Stored data:
'''
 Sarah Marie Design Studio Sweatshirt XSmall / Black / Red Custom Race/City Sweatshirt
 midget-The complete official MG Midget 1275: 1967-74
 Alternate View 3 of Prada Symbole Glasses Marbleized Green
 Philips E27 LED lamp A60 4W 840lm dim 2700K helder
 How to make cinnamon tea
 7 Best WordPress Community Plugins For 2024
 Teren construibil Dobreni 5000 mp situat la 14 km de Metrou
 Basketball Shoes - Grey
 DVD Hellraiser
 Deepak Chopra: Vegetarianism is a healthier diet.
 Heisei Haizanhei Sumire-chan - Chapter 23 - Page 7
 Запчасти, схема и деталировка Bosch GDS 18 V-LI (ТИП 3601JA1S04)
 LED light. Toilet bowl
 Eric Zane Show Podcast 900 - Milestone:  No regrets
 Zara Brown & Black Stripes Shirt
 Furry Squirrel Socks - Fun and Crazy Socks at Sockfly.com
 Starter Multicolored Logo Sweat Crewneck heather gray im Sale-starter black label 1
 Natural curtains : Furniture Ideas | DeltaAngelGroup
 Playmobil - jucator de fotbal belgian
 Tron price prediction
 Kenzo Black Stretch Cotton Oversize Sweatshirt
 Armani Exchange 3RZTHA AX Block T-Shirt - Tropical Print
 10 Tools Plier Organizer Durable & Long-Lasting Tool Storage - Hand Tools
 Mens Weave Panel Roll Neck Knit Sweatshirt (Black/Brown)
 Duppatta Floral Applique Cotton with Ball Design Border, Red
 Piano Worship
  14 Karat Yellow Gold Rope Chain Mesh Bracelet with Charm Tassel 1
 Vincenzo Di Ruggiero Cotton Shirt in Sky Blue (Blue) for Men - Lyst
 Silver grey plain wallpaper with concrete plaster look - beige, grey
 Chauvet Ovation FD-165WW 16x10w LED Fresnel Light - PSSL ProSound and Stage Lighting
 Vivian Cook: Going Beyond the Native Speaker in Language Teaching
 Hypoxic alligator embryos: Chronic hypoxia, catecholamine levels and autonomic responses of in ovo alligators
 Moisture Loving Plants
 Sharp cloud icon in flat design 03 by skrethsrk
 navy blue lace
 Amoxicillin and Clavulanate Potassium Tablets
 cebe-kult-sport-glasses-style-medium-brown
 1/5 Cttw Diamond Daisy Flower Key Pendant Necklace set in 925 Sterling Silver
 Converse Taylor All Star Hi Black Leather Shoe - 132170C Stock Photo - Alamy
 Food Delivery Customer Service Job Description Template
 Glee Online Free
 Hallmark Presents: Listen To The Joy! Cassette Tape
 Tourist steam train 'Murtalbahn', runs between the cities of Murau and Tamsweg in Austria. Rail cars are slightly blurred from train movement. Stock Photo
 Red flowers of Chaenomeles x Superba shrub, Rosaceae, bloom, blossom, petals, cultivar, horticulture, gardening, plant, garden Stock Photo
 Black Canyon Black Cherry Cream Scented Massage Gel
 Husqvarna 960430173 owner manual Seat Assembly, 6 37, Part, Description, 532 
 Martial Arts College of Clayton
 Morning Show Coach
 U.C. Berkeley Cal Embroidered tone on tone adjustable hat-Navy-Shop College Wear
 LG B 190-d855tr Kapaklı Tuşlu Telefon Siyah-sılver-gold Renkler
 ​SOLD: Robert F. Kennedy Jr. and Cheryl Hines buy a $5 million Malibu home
'''
Every line with "College" in it should be copied from the entries above.

▶ _Task response_
 Martial Arts College of Clayton
 U.C. Berkeley Cal Embroidered tone on tone adjustable hat-Navy-Shop College Wear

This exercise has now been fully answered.